One hundred protesters gathered outside the Chinese embassy in Seoul to express their anger at the arrests, citing that once the defectors are deported back to North Korea they face imprisonment, torture and even death.
According to reports, the demonstrators held up banners which read: The Chinese government should stop pushing North Korean defectors toward the guillotine and Forced repatriation is a death sentence.
China has long maintained a policy of returning North Korean defectors to Pyongyang, although tens of thousands of North Koreans are believed to have slipped into mainland China over the years.
The topic has taken on a particularly dangerous turn in recent months after the new leader of North Korea Kim Jong-un has reportedly vowed to take vengeance on defectors by killing three generations of their families.
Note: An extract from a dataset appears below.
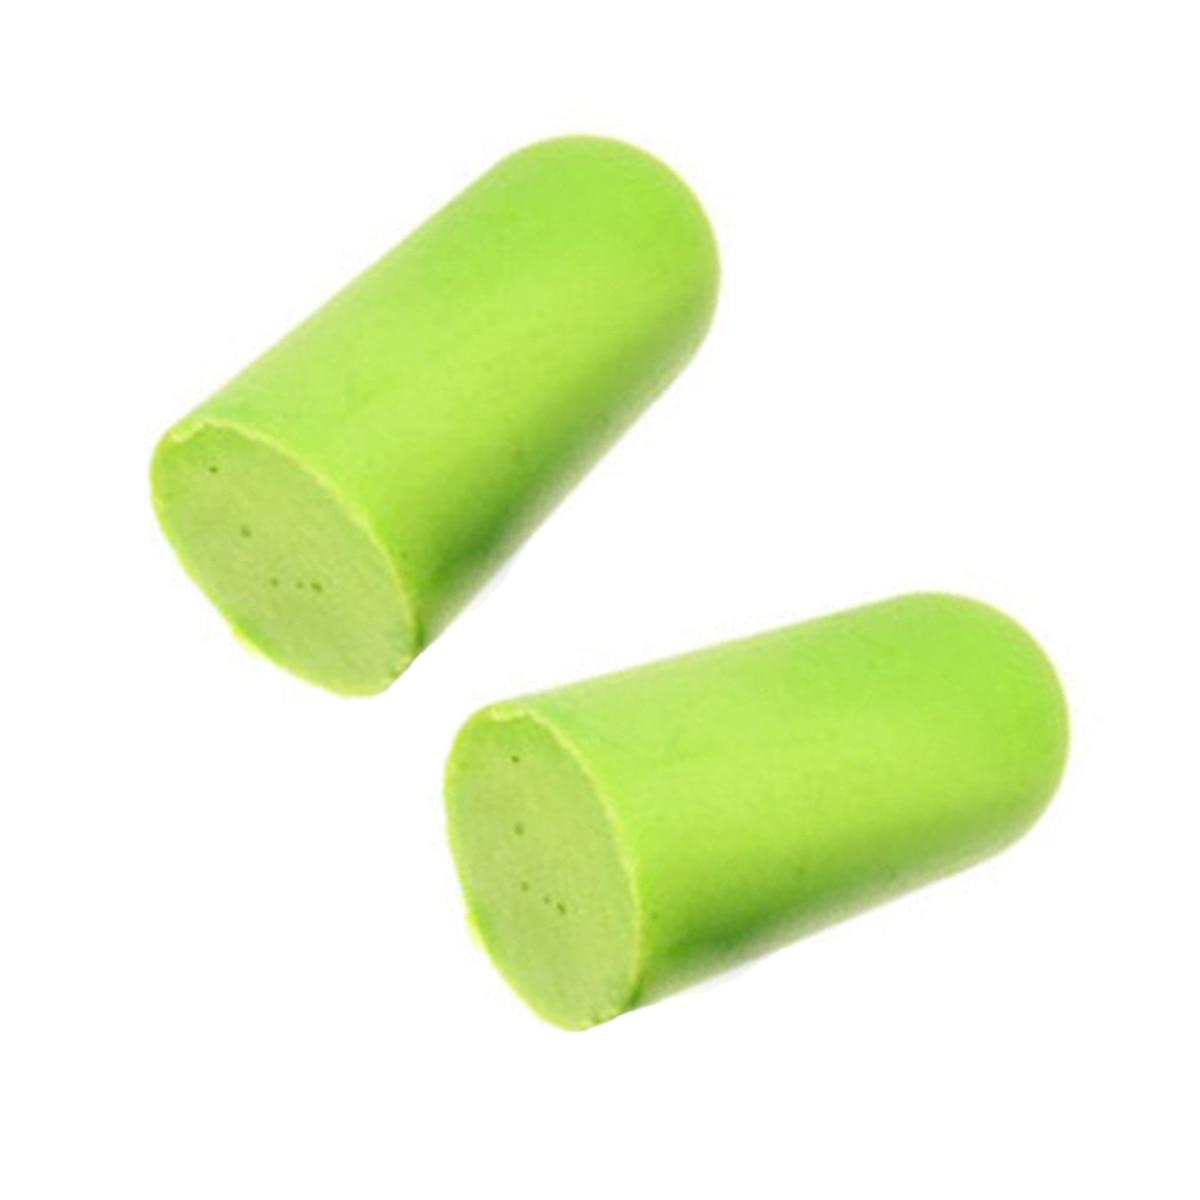 30 pairs soft foam earplugs for Anti noise sleep on car plane travel

Once these defectors are sent back, they will surely die. They will be tortured and publicly executed, said Kim Young-ja, secretary-general of the activist group Citizens' Alliance for North Korean Human Rights, according to the Los Angeles Times. We are trying to push the Chinese government to stop that from happening. Especially after Kim Jong Un’s strict ordinance last December, there's no escape from death.
The National Human Rights Commission of Korea reported that different groups of North Korean defectors were detained by Chinese officials. In the most recent incident, ten people were seized at a bus terminal in the Chinese city of Shenyang in the northeast.
Reportedly, some of these detainees were planning to journey to South Korea to reunite with family members already there.
Thousands of North Korean defectors are currently living in South Korea. The South Korean government said they are negotiating with Beijing officials to discuss the fate of the arrested defectors.
Our government has always had an interest in the defector problem, and we have been asking the Chinese government to handle the matter from a humanistic point of view, said Cho Byung-je, a spokesman for the South Korean Foreign Ministry in Seoul, in a statement.
Defectors should not be forcibly repatriated.